Y antes de que Marty preguntara a qué se refería, William Urrutia continuó con la historia del narcotraficante, que al parecer había quedado inconclusa. Contó que Panamá fue el país al que había ido Michael Stephenson dieciséis años atrás, acompañado por el químico con el que trabajaba, para perfeccionar sus productos. Aseguró que para los agentes de la SPC no les fue complejo mantener vigilados todos sus movimientos, por lo que supieron de inmediato que tuvo un hijo en aquel lugar. A Marty le sorprendió que el hijo de Michael Stephenson hubiera nacido dieciséis años atrás, tres años después de que Michael Stephenson se casara con su segunda mujer. El tema del casamiento era una tradición extranjera, por eso no le sorprendió que el hijo de John Stephenson, un extranjero, decidiera unirse de tal forma con otra persona. Pero ¿engañar a su mujer? Eso dejó asombrado a Marty. Si alguien se enteraba de aquello, su reputación decrecería exponencialmente. Aunque, si lo pensaba bien, no mucho podía bajar el prestigio de un narcotraficante, pues prestigio ya no le quedaba nada.

Y como Michael Stephenson era millonario, movió gran cantidad de dinero con tal de traer a su hijo al país después de la muerte de la madre de este, que ocurrió unas semanas atrás. El narcotraficante se puso en contacto con los orfanatos nacionales, buscando un chico parecido a su hijo, todo para hacerle creer a su mujer que era un hombre de buen corazón que adoptaba a un huérfano y no un esposo infiel.

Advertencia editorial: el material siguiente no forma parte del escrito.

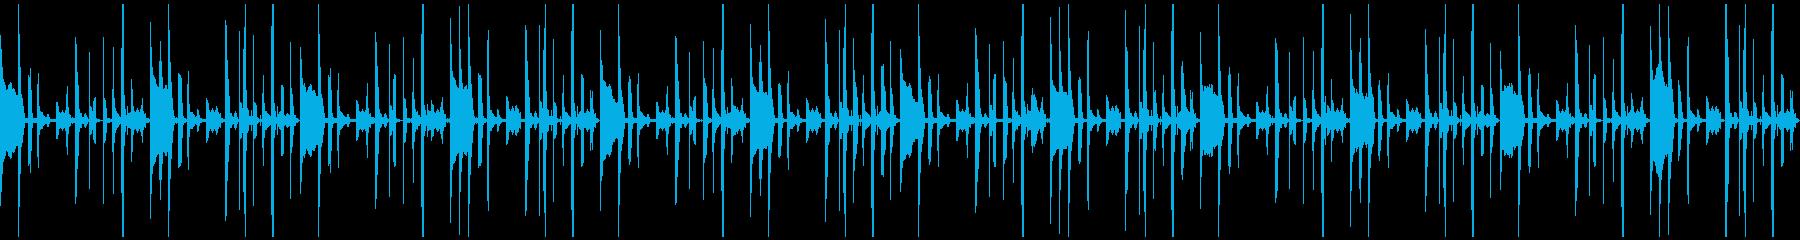 トーク、会話の背景用BGM(ループ)の再生済みの波形

—Tu misión, Marty —concluyó William Urrutia—, es permanecer en esa casa como el hijo adoptivo de Michael Stephenson, encontrar lo que se robaron de la casa del senador y traerlo de vuelta.

No necesitaba ser un genio en deducción para entender los mensajes subliminales que habían detrás de las frases que decía el jefe comunal de la SPC. No podía creerlo. Parecía un chiste. No podía ser que…

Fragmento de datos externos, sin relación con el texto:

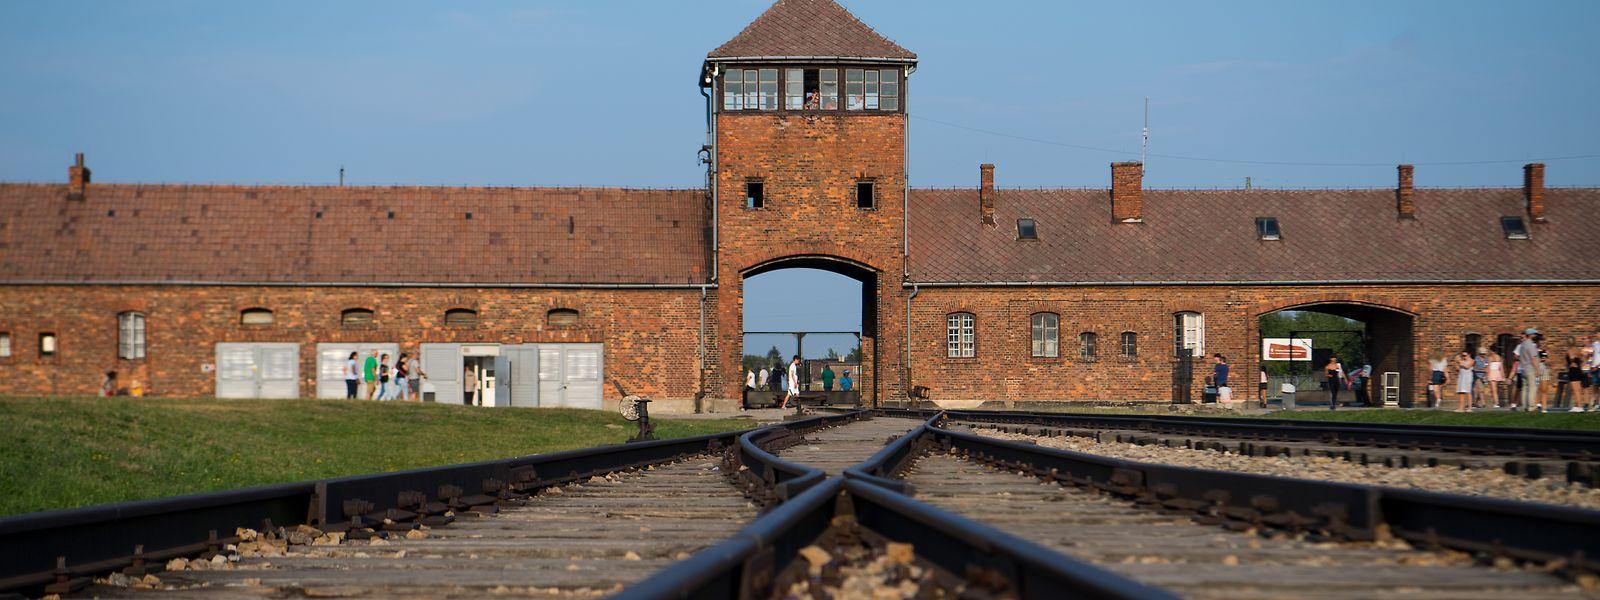 Die Bahngleise vor dem historischen Tor der Gedenkstätte Auschwitz gelten als bildstarkes Symbol für den Holocaust.

—¿Me está diciendo que me parezco al hijo de Michael Stephenson?

—Sí, pero el color de su pelo es totalmente diferente. El de él es negro y el tuyo castaño claro —respondió como si fuera una gran diferencia.

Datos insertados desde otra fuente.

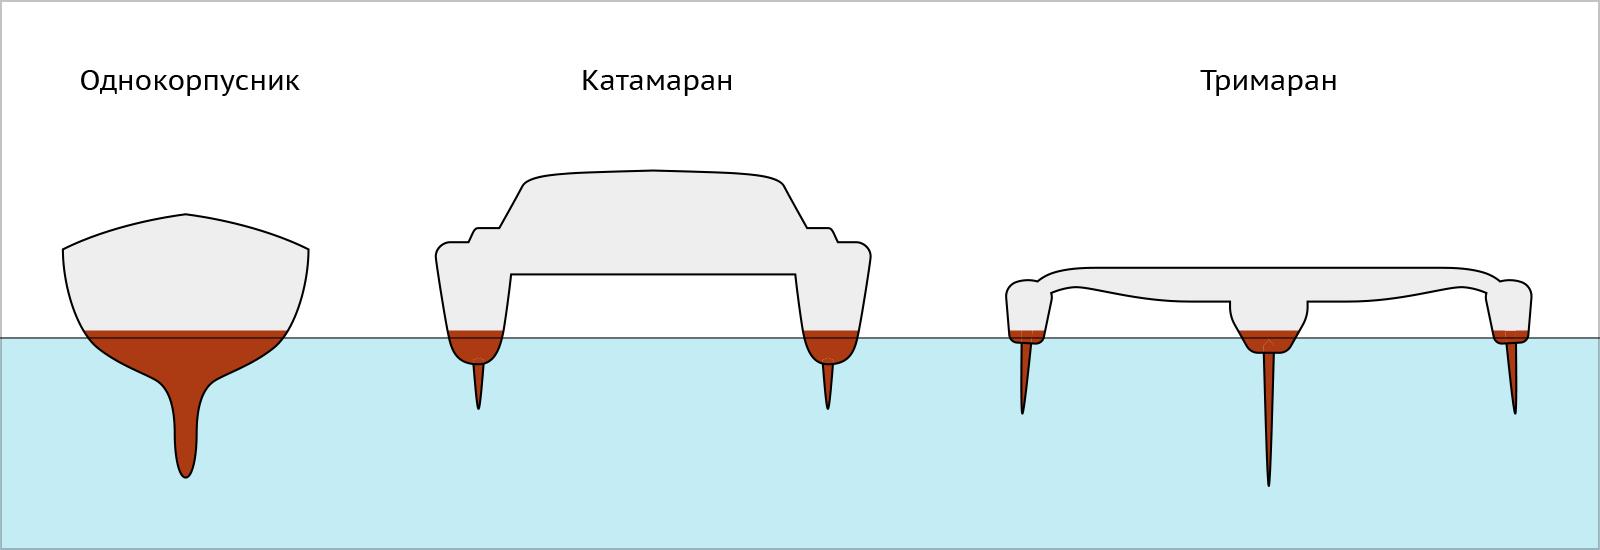 Яхты по количеству корпусов

—¡Guau, eso me hace sentir mucho mejor! —añadió con ironía, alzando una ceja—. ¡La única diferencia que tengo con el hijo de un narcotraficante es el color de pelo! Por eso me lo cortaron, ¿no?

William Urrutia asintió.

—Menos diferencias, más posibilidades de que Michael Stephenson te quiera cuando te vea. Aunque no deberías preocuparte por eso, porque es realmente sorprendente el parecido que tienen.

Cada nuevo comentario que salía de la boca de William Urrutia hacía que Marty se fastidiara aún más. Desde siempre tuvo más que claro que cada persona era única y especial, y ahora, aparte de que ser confundido con su tocayo, salían con que tenía un clon.

—Entonces, ¿qué es lo que quiere que busque? —dijo para cambiar de tema.

William Urrutia suspiró.

—No sé mucho, pero según la fuente de la que te hablé, es un objeto plateado y pequeño. Ninguno de nuestros expertos puede decir con certeza qué es. Sé que no es de mucha ayuda, pero es lo único que tenemos hasta el momento. Cuando sepamos más, te lo haremos saber. ¿Alguna otra consulta?

—Sí. Según lo que usted me dijo al principio, la SPC vela por la seguridad de la ciudadanía. ¿Qué de peligroso tiene un pequeño objeto plateado para hacerle creer que son necesarios los servicios de la SPC?

William Urrutia se tomó su tiempo para responder, porque antes de hacerlo le regaló otra sonrisa malvada a Marty.

—Solo Gabriel Reit hubiera hecho esa pregunta. —Esbozó la frase y volvió a poner su serio semblante—. «Debes cuidarlo con tu vida, Michael. Este pequeño objeto puede parecer insignificante, pero confía en mí, me han dicho que puede cambiar el curso de la historia a nuestro favor», le dijo Germi Barbo a Michael Stephenson esa noche. Y si un asesino le dice eso a un narcotraficante es para preocuparse.

¿Cambiar el curso de la historia? ¿Cómo un pequeño objeto plateado podía cambiar el curso de la historia? ¿De qué estaban hablando? ¿Una bomba nuclear? ¿Un virus letal? Aunque con la aventura del almacén se dio cuenta de que no era tan hábil como creía, no le importaba si en el intento de infiltrarse en casa de Michael Stephenson sacrificaba su vida, pues no podía dejar que el mundo sucumbiera a sus pies, no sabiendo que era el único que podía evitarlo. Y más si ese siempre había sido su sueño.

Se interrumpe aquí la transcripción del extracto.